### What is Lemmatization?

**Lemmatization** is a text preprocessing technique similar to stemming, but with a key difference: it reduces a word to its **lemma**, or root form, which is always a **valid word**. Unlike stemming, which uses algorithmic rules to chop off suffixes and might produce a non-existent word, lemmatization uses a dictionary-based approach to find the correct, grammatically meaningful root. For example, "goes" becomes "go," and "better" becomes "good."

### Lemmatization with NLTK

The NLTK library provides the **`WordNetLemmatizer`** class for this purpose. This class uses the WordNet corpus, a large lexical database of English, to find the correct lemma for a word.


#### Using the `WordNetLemmatizer`

The `lemmatize()` function takes two arguments: the **word** itself and its **part-of-speech (POS)** tag.
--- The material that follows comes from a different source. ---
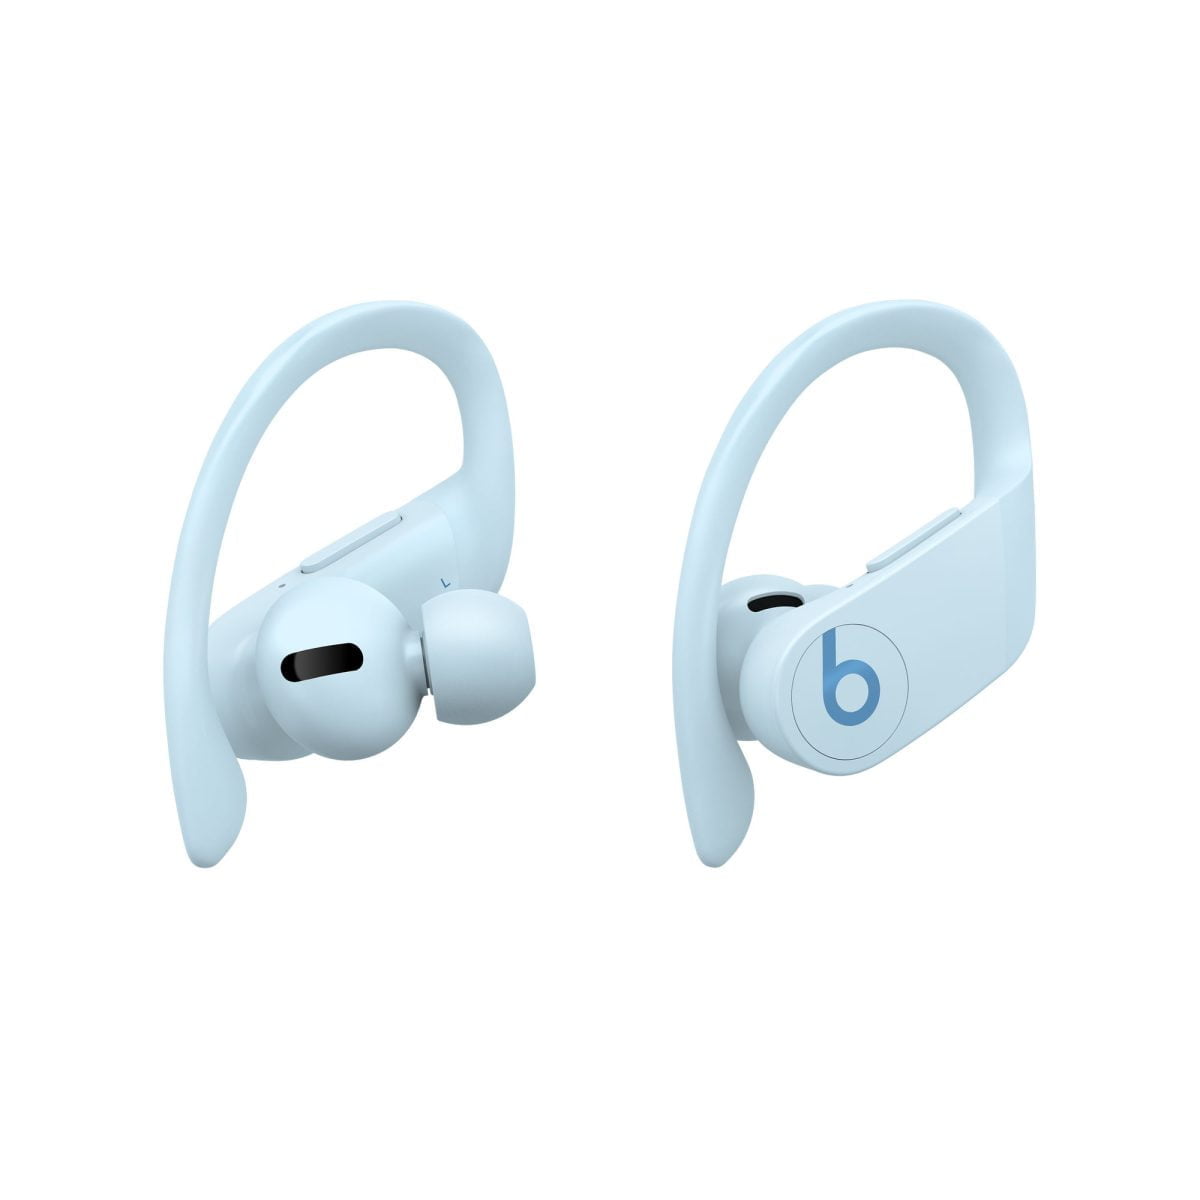 Mxy82 Av1 Apple &Lt;H1&Gt;&Lt;Span Class=&Quot;Pdp-Lrg-Header Rte-Plg-El&Quot;&Gt;Powerbeats Pro&Lt;/Span&Gt;&Lt;/H1&Gt; Totally Wireless Powerbeats Pro Earphones Are Built To Keep You Moving [Video Width=&Quot;1280&Quot; Height=&Quot;720&Quot; M4V=&Quot;Https://Lablaab.com/Wp-Content/Uploads/2020/10/Powerbeats-Pro-Totally-Wireless-Earphones-Black-Education-Apple-Ca.m4V&Quot;][/Video] &Lt;H2&Gt;&Lt;Span Style=&Quot;Color: #1B1919;Font-Size: 24Px&Quot;&Gt;Made For Movement&Lt;/Span&Gt;&Lt;/H2&Gt; &Lt;Div&Gt; &Lt;Span Class=&Quot;Pdp-Lrg-Body Rte-Plg-El&Quot;&Gt;Adjustable, Secure-Fit Earhooks Stay In Place With Multiple Eartip Options, And Are Made To Move With You, No Matter Where You Go.&Lt;/Span&Gt; &Lt;/Div&Gt; &Lt;Div&Gt; &Lt;H2&Gt;&Lt;Span Class=&Quot;Pdp-Lrg-Body Rte-Plg-El&Quot;&Gt;Sweat &Amp; Water-Resistant&Lt;/Span&Gt;&Lt;/H2&Gt; &Lt;Span Class=&Quot;Pdp-Lrg-Body Rte-Plg-El&Quot;&Gt;Reinforced Design For Sweat And Water Resistance Help You Make It Through Whatever Your Day Brings.&Lt;/Span&Gt; &Lt;/Div&Gt; &Lt;Div&Gt; &Lt;H2&Gt;&Lt;Span Class=&Quot;Pdp-Lrg-Body Rte-Plg-El&Quot;&Gt;Up To 9 Hours Of Listening Time&Lt;/Span&Gt;&Lt;/H2&Gt; &Lt;Span Class=&Quot;Pdp-Lrg-Body Rte-Plg-El&Quot;&Gt;Get More Than 24 Hours Of Combined Playback With The Charging Case, And Use 5-Minute Fast Fuel For 1.5 Hours Of Playback When Battery Is Low&Lt;Sup&Gt;1&Lt;/Sup&Gt;.&Lt;/Span&Gt; &Lt;/Div&Gt; &Lt;Div&Gt; &Lt;H2&Gt;&Lt;Span Class=&Quot;Pdp-Lrg-Body Rte-Plg-El&Quot;&Gt;Play One Side Or Both&Lt;/Span&Gt;&Lt;/H2&Gt; &Lt;Span Class=&Quot;Pdp-Lrg-Body Rte-Plg-El&Quot;&Gt;Auto Play/Pause, Independent Earbud Connection Via The Apple H1 Chip, And Full Volume And Track Controls On Each Earbud Mean You’re In Charge Of How You Listen.&Lt;/Span&Gt; &Lt;/Div&Gt; &Lt;H3 Class=&Quot;Pdp-Detail-Title Pdp-Lrg-Body-B&Quot;&Gt;In The Box&Lt;/H3&Gt; &Lt;Div&Gt; &Lt;Ul Class=&Quot;Pdp-Lrg-Body&Quot;&Gt; &Lt;Li&Gt;Powerbeats Pro Totally Wireless Earphones&Lt;/Li&Gt; &Lt;Li&Gt;Charging Case&Lt;/Li&Gt; &Lt;Li&Gt;Eartips With Four Size Options&Lt;/Li&Gt; &Lt;Li&Gt;Lightning To Usb-A Charging Cable&Lt;/Li&Gt; &Lt;Li&Gt;Quick Start Guide&Lt;/Li&Gt; &Lt;Li&Gt;Warranty Card (One Year Manufacturer Warranty)&Lt;/Li&Gt; &Lt;/Ul&Gt; &Lt;/Div&Gt; Powerbeats Pro In-Ear Wireless Headphones Beats By Dr. Dre - Glacier Blue

By default, the POS tag is set to **'n'** (for noun).

In [9]:
words = ["eating", "eats", "eaten", "writing", "writes", "programming", "programs", "history", "finally", "finalized"]

In [None]:
import nltk
from nltk.stem import WordNetLemmatizer

# Download the WordNet corpus if you haven't already
nltk.download('wordnet')

[nltk_data] Downloading package wordnet to
[nltk_data]     C:\Users\sai\AppData\Roaming\nltk_data...
[nltk_data]   Package wordnet is already up-to-date!


True

In [13]:
lemmatizer = WordNetLemmatizer()

# Default behavior: POS is 'n' (noun)
print(f"'eating' (default): {lemmatizer.lemmatize('eating')}")
print(f"'goes' (default):   {lemmatizer.lemmatize('goes')}")

# Specifying the POS tag 'v' (verb)
print(f"'eating' (verb):    {lemmatizer.lemmatize('eating', pos='v')}")
print(f"'goes' (verb):      {lemmatizer.lemmatize('goes', pos='v')}")

'eating' (default): eating
'goes' (default):   go
'eating' (verb):    eat
'goes' (verb):      go


#### The Importance of POS Tags

As shown in the example, the **POS tag is crucial** for accurate lemmatization. If you don't provide a POS tag, the lemmatizer might fail to reduce a word. For instance, "eating" is not a noun, so when treated as one, it remains unchanged. However, when you specify its POS as a verb, the lemmatizer correctly reduces it to "eat."

The commonly used POS tags are:

  * **'n'**: Noun
  * **'v'**: Verb
  * **'a'**: Adjective
  * **'r'**: Adverb

Let's see this in a more comprehensive example:

In [14]:
print("--- Lemmatizing with default POS ('n') ---")
for word in words:
    print(f"{word:<12} -> {lemmatizer.lemmatize(word)}")

print("\n--- Lemmatizing with POS as verb ('v') ---")
for word in words:
    print(f"{word:<12} -> {lemmatizer.lemmatize(word, pos='v')}")

--- Lemmatizing with default POS ('n') ---
eating       -> eating
eats         -> eats
eaten        -> eaten
writing      -> writing
writes       -> writes
programming  -> programming
programs     -> program
history      -> history
finally      -> finally
finalized    -> finalized

--- Lemmatizing with POS as verb ('v') ---
eating       -> eat
eats         -> eat
eaten        -> eat
writing      -> write
writes       -> write
programming  -> program
programs     -> program
history      -> history
finally      -> finally
finalized    -> finalize


### Lemmatization vs. Stemming:

| Feature | **Stemming** | **Lemmatization** |
| :--- | :--- | :--- |
| **Method** | Algorithmic rules | Dictionary-based (e.g., WordNet) |
| **Output** | A **stem** (may not be a valid word) | A **lemma** (a valid word) |
| **Accuracy** | Lower; can produce incorrect results | Higher; context-aware |
| **Speed** | Faster; computationally less expensive | Slower; requires looking up words |
| **Use Case** | Information retrieval, simpler text analysis | Chatbots, summarization, or where grammatical correctness is critical |

### Use Cases and Performance

**Lemmatization** is a vital step in pipelines where preserving the original meaning of a word is paramount, such as in **Q\&A chatbots** and **text summarization**. Since it uses a dictionary to perform the lookup, it is **slower** than stemming. This trade-off between speed and accuracy is an important consideration when building an NLP application.